### Exercise prompt
Every line containing "Kids" should be copied out. Go through the entries and find them.

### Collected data

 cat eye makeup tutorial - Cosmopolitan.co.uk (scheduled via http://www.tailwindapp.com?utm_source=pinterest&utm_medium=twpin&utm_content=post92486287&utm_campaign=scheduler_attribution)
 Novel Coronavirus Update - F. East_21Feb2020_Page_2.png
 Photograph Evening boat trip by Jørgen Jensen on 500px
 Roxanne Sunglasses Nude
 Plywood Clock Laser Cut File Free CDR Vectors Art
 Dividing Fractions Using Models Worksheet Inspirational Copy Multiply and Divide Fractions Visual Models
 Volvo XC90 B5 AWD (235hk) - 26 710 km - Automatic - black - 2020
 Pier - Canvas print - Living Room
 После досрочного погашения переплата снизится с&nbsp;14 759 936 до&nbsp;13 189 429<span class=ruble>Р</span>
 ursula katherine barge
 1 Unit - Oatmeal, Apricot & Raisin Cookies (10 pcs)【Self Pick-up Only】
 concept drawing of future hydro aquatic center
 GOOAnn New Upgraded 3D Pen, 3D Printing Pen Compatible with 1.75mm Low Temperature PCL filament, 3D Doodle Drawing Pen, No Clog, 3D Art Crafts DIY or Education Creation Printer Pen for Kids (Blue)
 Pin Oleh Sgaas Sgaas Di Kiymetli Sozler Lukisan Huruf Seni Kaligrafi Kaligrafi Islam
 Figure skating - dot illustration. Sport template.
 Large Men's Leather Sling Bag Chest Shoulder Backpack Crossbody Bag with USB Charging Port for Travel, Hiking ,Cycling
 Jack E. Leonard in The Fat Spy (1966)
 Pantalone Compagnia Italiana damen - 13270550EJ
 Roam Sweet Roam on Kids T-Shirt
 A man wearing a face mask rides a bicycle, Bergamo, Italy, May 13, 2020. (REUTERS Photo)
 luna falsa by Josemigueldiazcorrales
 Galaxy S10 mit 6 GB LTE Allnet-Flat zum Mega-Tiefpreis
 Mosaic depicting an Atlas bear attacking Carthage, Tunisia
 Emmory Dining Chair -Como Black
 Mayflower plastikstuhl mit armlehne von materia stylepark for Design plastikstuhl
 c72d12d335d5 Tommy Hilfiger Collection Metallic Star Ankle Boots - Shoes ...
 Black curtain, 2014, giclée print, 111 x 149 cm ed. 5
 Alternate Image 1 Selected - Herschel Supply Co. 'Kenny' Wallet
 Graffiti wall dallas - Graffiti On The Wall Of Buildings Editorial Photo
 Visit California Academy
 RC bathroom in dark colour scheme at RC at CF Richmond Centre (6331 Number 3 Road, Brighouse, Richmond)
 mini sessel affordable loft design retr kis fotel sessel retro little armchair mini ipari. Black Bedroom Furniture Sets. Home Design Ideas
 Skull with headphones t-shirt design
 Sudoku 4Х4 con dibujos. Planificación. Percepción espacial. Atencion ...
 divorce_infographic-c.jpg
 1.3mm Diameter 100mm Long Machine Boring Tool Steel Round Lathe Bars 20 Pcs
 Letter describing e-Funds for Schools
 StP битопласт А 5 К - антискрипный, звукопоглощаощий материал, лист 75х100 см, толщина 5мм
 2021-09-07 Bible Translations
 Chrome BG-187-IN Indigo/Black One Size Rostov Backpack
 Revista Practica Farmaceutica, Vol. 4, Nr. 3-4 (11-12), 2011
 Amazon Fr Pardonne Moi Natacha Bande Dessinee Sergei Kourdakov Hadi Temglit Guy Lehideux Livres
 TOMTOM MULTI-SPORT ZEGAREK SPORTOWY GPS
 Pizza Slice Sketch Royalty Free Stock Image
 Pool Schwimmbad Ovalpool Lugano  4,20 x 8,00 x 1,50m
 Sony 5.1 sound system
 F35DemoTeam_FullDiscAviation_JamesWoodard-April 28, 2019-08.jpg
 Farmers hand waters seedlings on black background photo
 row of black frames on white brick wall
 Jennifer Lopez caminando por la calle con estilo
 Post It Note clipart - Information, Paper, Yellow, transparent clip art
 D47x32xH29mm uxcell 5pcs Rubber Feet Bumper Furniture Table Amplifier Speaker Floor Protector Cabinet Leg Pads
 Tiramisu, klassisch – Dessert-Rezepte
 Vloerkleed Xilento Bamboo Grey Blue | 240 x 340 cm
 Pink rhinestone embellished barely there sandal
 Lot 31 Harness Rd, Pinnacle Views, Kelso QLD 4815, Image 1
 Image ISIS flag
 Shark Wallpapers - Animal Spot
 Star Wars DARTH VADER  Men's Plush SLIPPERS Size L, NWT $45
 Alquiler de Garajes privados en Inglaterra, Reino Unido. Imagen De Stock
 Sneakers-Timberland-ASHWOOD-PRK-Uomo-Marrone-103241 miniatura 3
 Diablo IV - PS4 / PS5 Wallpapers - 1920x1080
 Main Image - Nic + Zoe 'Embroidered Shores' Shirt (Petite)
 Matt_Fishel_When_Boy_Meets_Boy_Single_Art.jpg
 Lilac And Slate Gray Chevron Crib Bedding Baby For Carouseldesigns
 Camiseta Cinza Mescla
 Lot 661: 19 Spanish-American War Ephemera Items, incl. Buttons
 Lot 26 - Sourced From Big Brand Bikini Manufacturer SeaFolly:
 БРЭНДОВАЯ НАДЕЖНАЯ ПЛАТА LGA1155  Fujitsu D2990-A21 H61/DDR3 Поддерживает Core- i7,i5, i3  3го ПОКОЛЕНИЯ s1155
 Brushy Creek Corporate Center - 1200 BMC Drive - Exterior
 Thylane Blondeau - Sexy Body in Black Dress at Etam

### Exercise response
 GOOAnn New Upgraded 3D Pen, 3D Printing Pen Compatible with 1.75mm Low Temperature PCL filament, 3D Doodle Drawing Pen, No Clog, 3D Art Crafts DIY or Education Creation Printer Pen for Kids (Blue)
 Roam Sweet Roam on Kids T-Shirt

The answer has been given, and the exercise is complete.